I shouldn't skip over the rhythm section, as drummer Tom Hunting, the only founding member left in the band, and bass player Jack Gibson do excellent work here, but Souza's voice surely has to be the most obvious takeaway and the most abiding is the guitarwork. I relished these guitars, which could just keep on playing forever for me.
Of course, these guitarists are thrash metal royalty, pure and simple. Holt's time in Exodus dates back to 1982, so far back that Kirk Hammett was still in the band at that point, but he also played live for Slayer for most of the last decade, ably filling Jeff Hannemann's boots.

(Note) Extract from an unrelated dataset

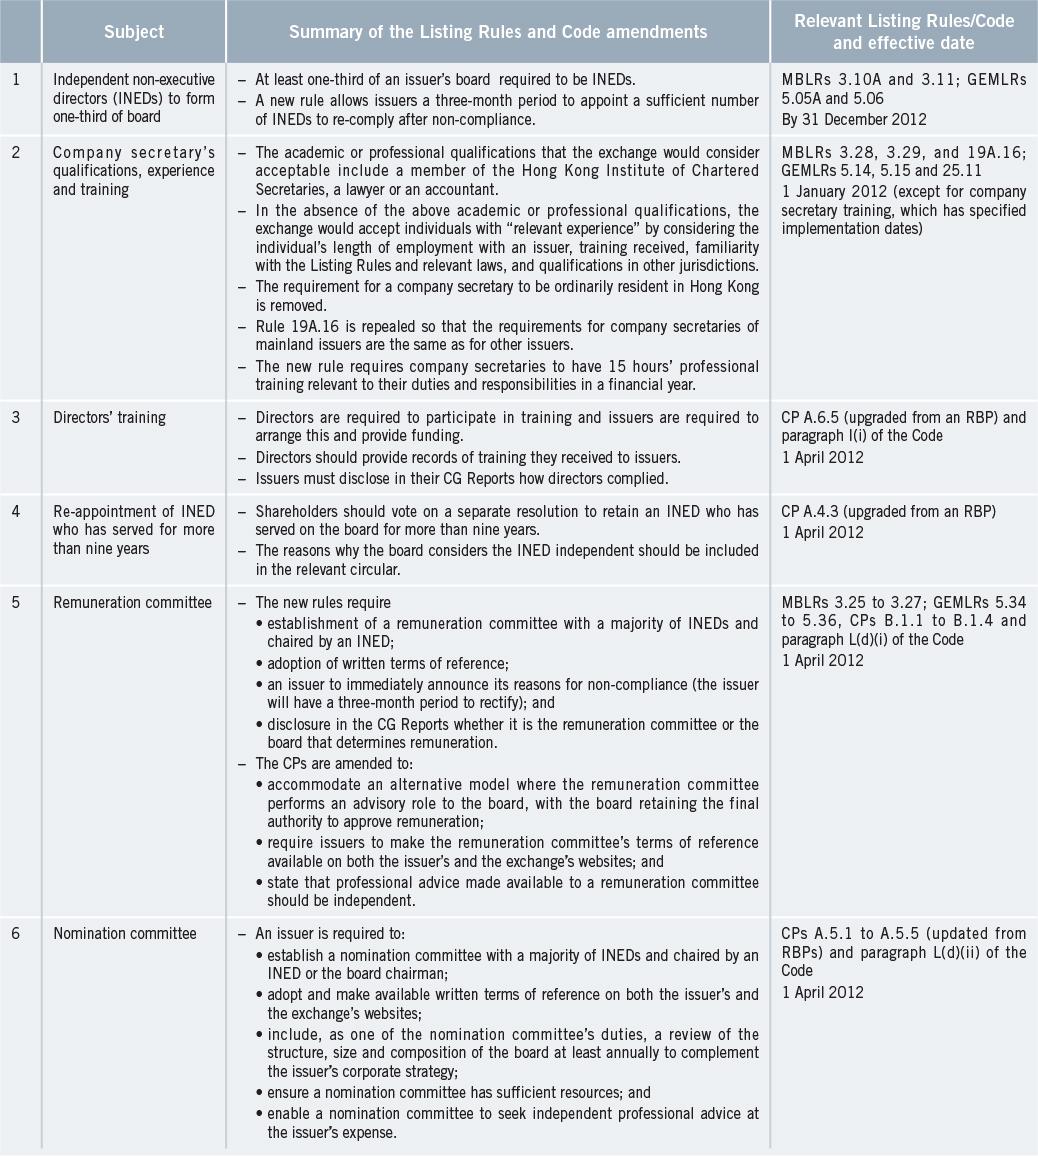 hk-exchange-listing-rules-amended-after-extensive-public-consultation-en-1

Meanwhile, Altus is still the main man in Heathen, though he's also been with Exodus since 2005. I absolutely adore their guitar duels here and the album highlights for me aren't really songs but the midsections of songs like the title track, The Years of Death and Dying and closer Antiseed.
And now I'm going to start this album over again, for the nth time, because, yes indeed folks, it's that good. I'll also have to pull out Flotsam and Jetsam's Blood in the Water from June, because I have no doubt that it's the only thrash metal I've heard this year that might top this and I should listen to them next to each other to judge that properly. This was an 8/10 immediately but I think I have to up that to a 9/10. If you're a thrash fan, you should have bought this already.